¿Sabes por qué se celebra el 24 de octubre el Día Internacional de la Biblioteca?

Biblioteca de sarajevo

Desde el 24 de octubre de 1997 se celebra el  Día Internacional de la Biblioteca. La propuesta surge de la Asociación Española de Amigos del Libro Infantil y Juvenil, apoyada por el Ministerio de Cultura, en recuerdo de la destrucción de la Biblioteca de Sarajevo, incendiada el 1992 durante el conflicto balcánico. La iniciativa nació para trasladar a la opinión pública la importancia de la Biblioteca como un lugar de encuentro de los lectores de todas las edades con la cultura, y como un instrumento de mejora de la formación y la convivencia humana.

Durante la guerra de Bosnia, concretamente en el asedio de Sarajevo, en la noche del 25 al 26 de agosto de 1992, miembros del Ejercito de la Republica de Srpska bombardearon el edificio donde se encontraba La Biblioteca Nacional de Sarajevo (Vijecnica). De esta manera se perdieron gran parte de sus fondos.  El incendio fue causado por el fuego de artillería del ejército serbio-bosnio. El edificio no tenía valor estratégico ni importancia militar, pero constituía un símbolo de identidad de este pueblo. La Biblioteca poseía unos dos millones de libros y miles de documentos y manuscritos de gran valor, conservados a lo largo de siglos tanto por musulmanes como por serbios ortodoxos, croatas católicos y judíos.

El ostentoso edificio poseía  un estilo morisco español que  se complementaba con detalles arabescos

La institución recibía antes del siniestro todas las publicaciones impresas en la República Yugoslava. Además, a partir de 1957 también recibió atribuciones de Biblioteca Universitaria, configurándose así como Biblioteca Nacional y Universitaria.

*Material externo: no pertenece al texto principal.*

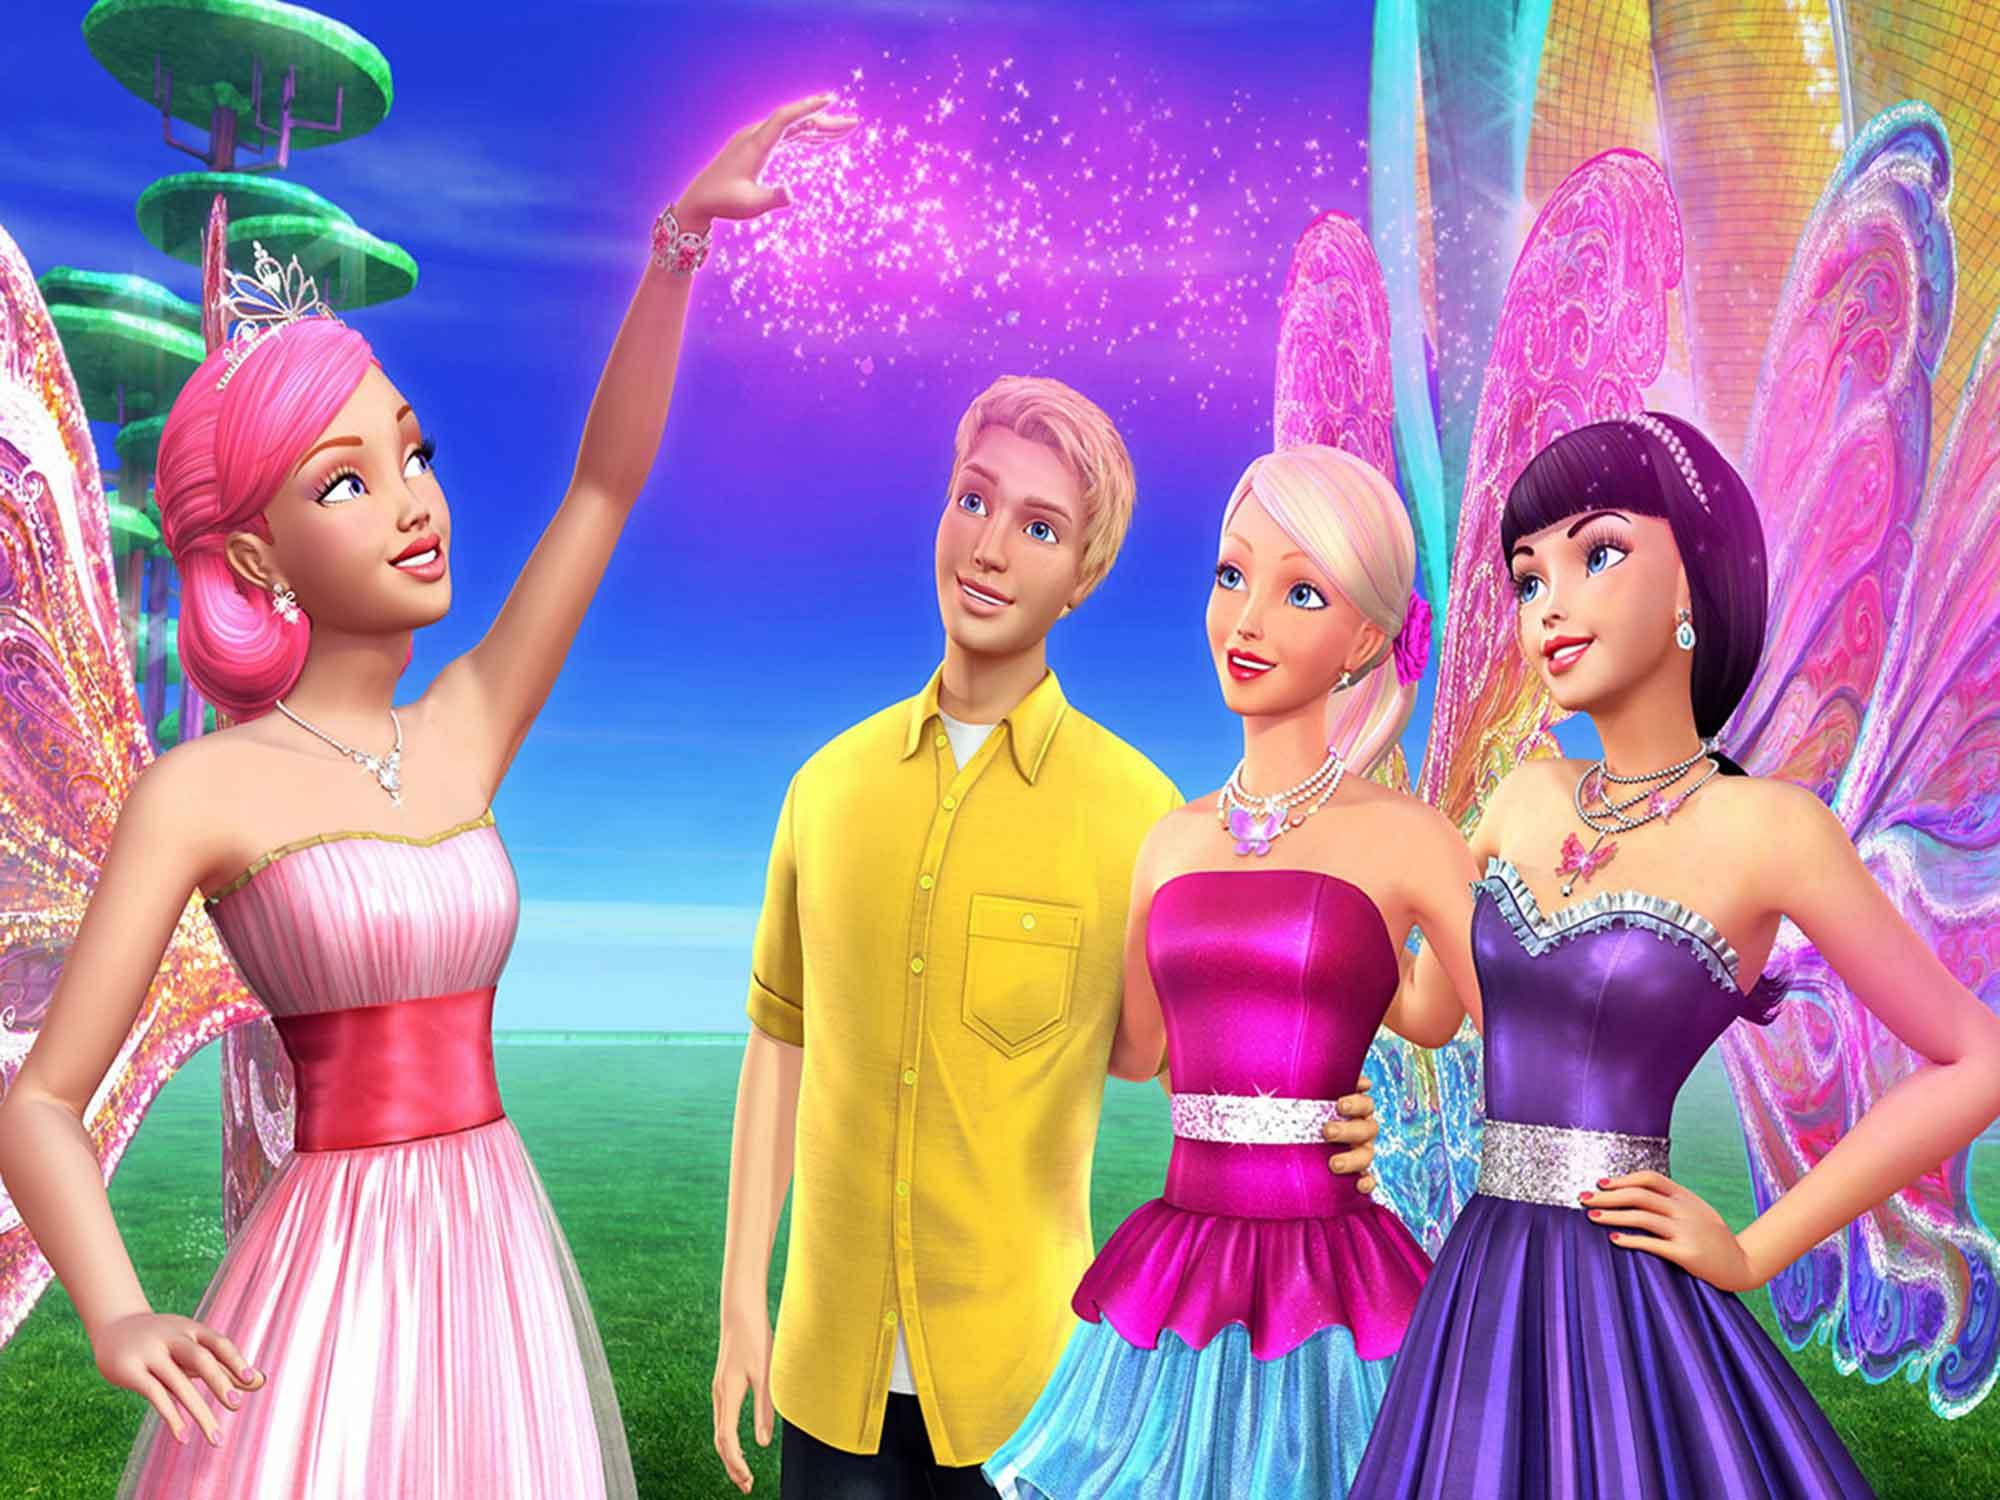 Papel De Parede 3D | Papel de Parede Infantil Barbie 0004 - Sobmedida: m²  - Paredes Decoradas

En el año 1992, la Biblioteca conservaba cerca de 1.500.00 volúmenes de literatura general y científica, referencia y multitud de manuscritos, publicaciones periódicas y documentos de archivo relativos a la historia de Bosnia Herzegovina, También albergaba colecciones de libros raros, que incluían incunables y numerosos audiovisuales y partituras de música.

Además, depositaba cantidad de documentos oficiales y escritos de importancia para la historia cultural del país, como documentos privados de escritores bosnios, misivas, textos inéditos, narraciones cortas, poemas y obras de autores anónimos, también poseía  un fondo archivístico  compuesto por anuncios públicos, postales, carteles, necrologías, fotografías, mapas de la ciudad de Sarajevo entre otros. Sumado a todo ello, la biblioteca adquirió libros y diarios nacionales y extranjeros, disertaciones doctorales, obras científicas, gubernamentales y publicaciones internacionales, especialmente de la UNESCO y de las Naciones Unidas. ​

Ardieron más de siete millones de fichas, los archivos, toda la infraestructura de la construcción y el mobiliario histórico. Se deformó la cúpula y se derrumbó el ático y cayeron la cubierta y todos los falsos techos. Se produjeron daños irreparables en la Sala de Juntas, también se arruinó toda la decoración existente. Tras el bombardeo, han sido numerosos los artistas que han interpretado sus obras entre los muros de la devastada biblioteca, dando un grito contra las guerras y el odio étnico. Ejemplo de ello es la Orquesta Filarmónica de4 Sarajevo, José Carreras, el violoncelista Vedran Smajlovic, entre otros.

El 9 de mayo de 2014 se inauguró nuevamente la Biblioteca Nacional y Universitaria de Bosnia y Hercegovina. En el acto de inauguración, el violoncelista Vedran Smaljovic pronunció estas palabras recordando su destrucción: “La energía de este edificio era algo sagrado. Todavía respiraba, a pesar de la destrucción. Yo sentía su poder y eso me hizo llorar”, recordaba el músico.

Años después de los hechos se ha descubierto que quien ordenó el bombardeo de la biblioteca fue Nikola Koljevic, un profesor de literatura en la Universidad especializado en Shakespeare, además de profesor, era el número dos de la formación ultranacionalista que dirigía Radovan Karadzic, el líder de los serbios de Bosnia. Su idea de la “Gran Serbia” no cuadraba con la “impureza” de la capital bosnia, que albergaba una mayoría de bosnios musulmanes y croatas católicos el director de teatro bosnio la destrucción de la biblioteca se trataba precisamente de eso: “Destruir la prueba de la coexistencia era un intento de destruir el código civilizador de un Estado multiétnico”.

En la actualidad, Vijećnica acoge diferentes eventos del gobierno, conciertos y exposiciones, además del edificio de la biblioteca y sala de sesiones del ayuntamiento. La conmemoración ha servido también para recuperar la memoria de lo ocurrido. El profesor de literatura acabó suicidándose algo después de acabar la guerra.